Coggan famously calculated that the the average young person could achieve 4 Wpk for FTP, which would also almost top the ICU chart.
He was saying that even with training, most people will top out at 3.9W/kg due to genetics.
As for the paper you mention: given that we can safely assume that people on ICU have at least had some training, and your numbers are supposed to be averages, there is no way to reconcile both datasets, because this would mean that any average untrained person would top the ICU chart. And that clearly makes little sense.
This brings me hope because after reaching 4wkg lat October I’ve declined to 3.7wkg and am having huge issue at Vo2max power which of course curbed my 20 min tests.

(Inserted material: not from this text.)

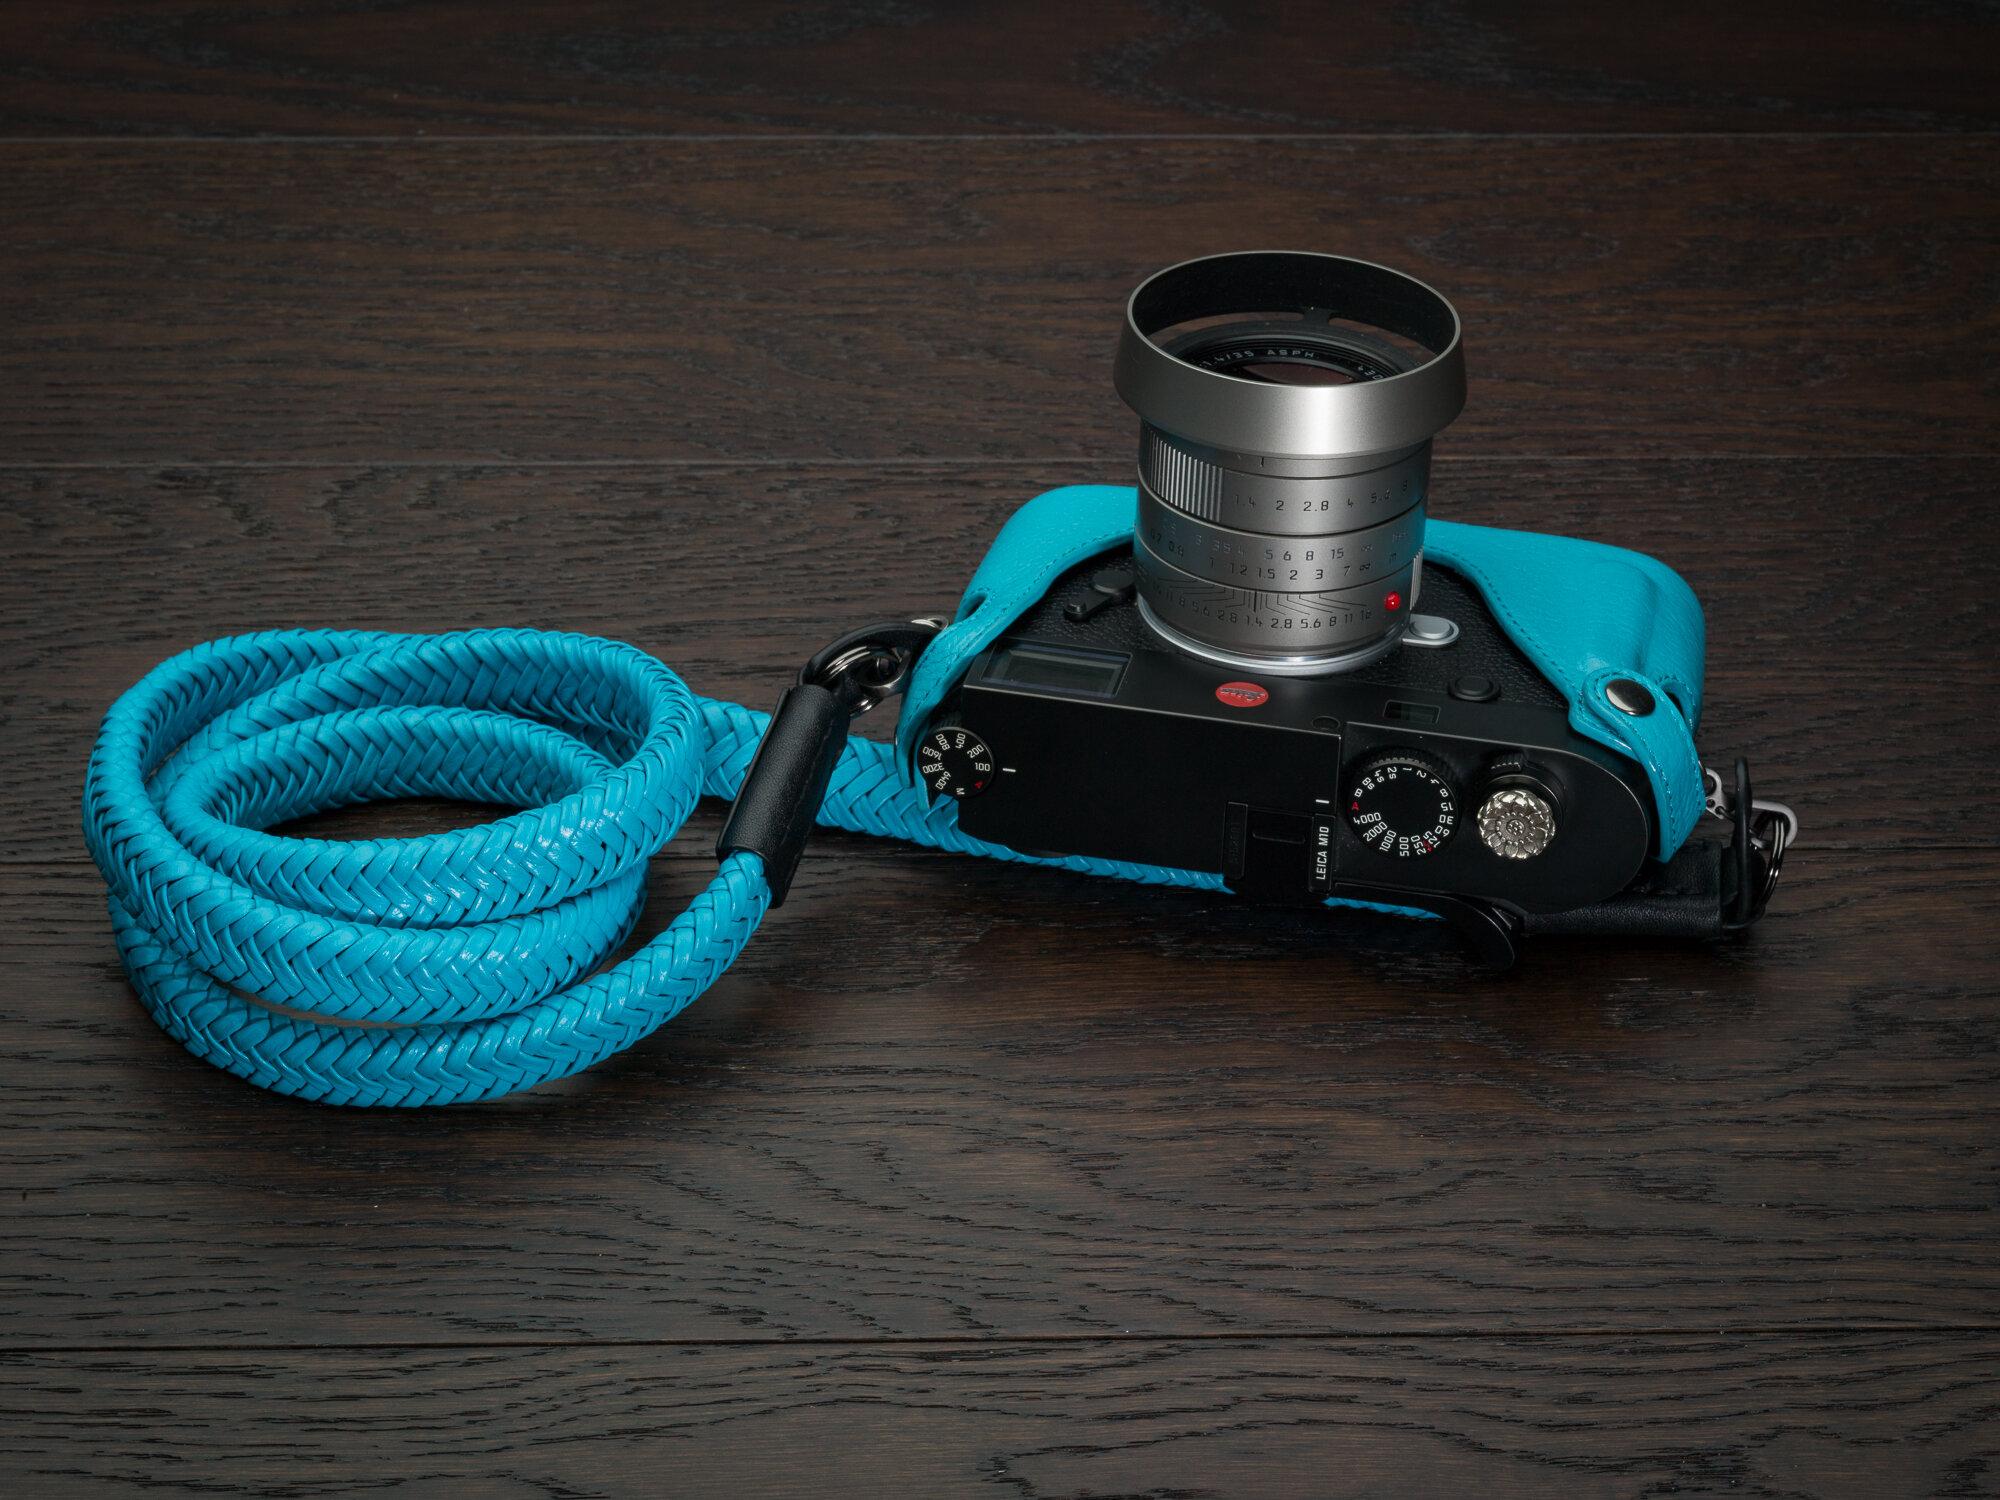 VV Matador miami blue leather camera strap leica m10.jpg

Yet, my 1 min power went up from 377 to 544w (7.6wkg) - a huge jump and my 5 min power went up 10w to 341w (4.6wkg)
I’ve been Z2, then Z3 since October with 1 x weekly low cadence 1-6 min efforts (50rpm @3.6wkg) with the exception of some failed VO2max efforts between races although am much better a climbing lower hills and have greater endurance but my top end has gone.
From the graph it looks more like 1/3rd, but anyway, the “problem” here is of course that if you go race you’re going to encounter more people from the top of that graph than the bottom!
I wonder how many people really top out at 4 genetically vs those who see diminishing returns and give up when they only gain 3-5w per year
He wasn’t looking at the distribution of W/kg numbers to make the prediction, so what you mention is largely not relevant to that estimate.
(Given the assumptions, I wouldn’t read too much into the exact numbers, I think his point was more that you definitely can’t assume everyone will be able to reach 4W/kg or whatever benchmark you have in mind.)
So can I assume that I’m genetically gifted if I had 4 w/kg before I even started structured training? When I started structured a month ago I had a 260 ftp at 65kg. Up to that point I was riding unstructured for a year, 2-3 times per week, but some weeks with time completely off the bike. Mostly 40km rides, with the occasional 80ish ride mixed in.
32y/o, male, no real backround in endurance sports, only bodyweight excercise 3 times a week.
Really looking forward to my next ftp test in about 10 days!
My apologies, I was referring to my 2/3hr which are not show there as I haven’t done anything that long with a PM for 42 days. I’m an MTB Marathon racers so thats my target watts - 84 day graph highlights that better.
Not sure if I’m a slow-twitcher or a middle of the roader who has turned himself into a TT’er over the last 40 years.
I have not done a 20min test this season, or anything hard under 20min. Bests last year were 420w for 5min, 390w for 10min, 350w for an hour (that PM read a little high – might knock about 10w off each of those).
I changed my Strava last fall. I no longer have the data from '12-'20.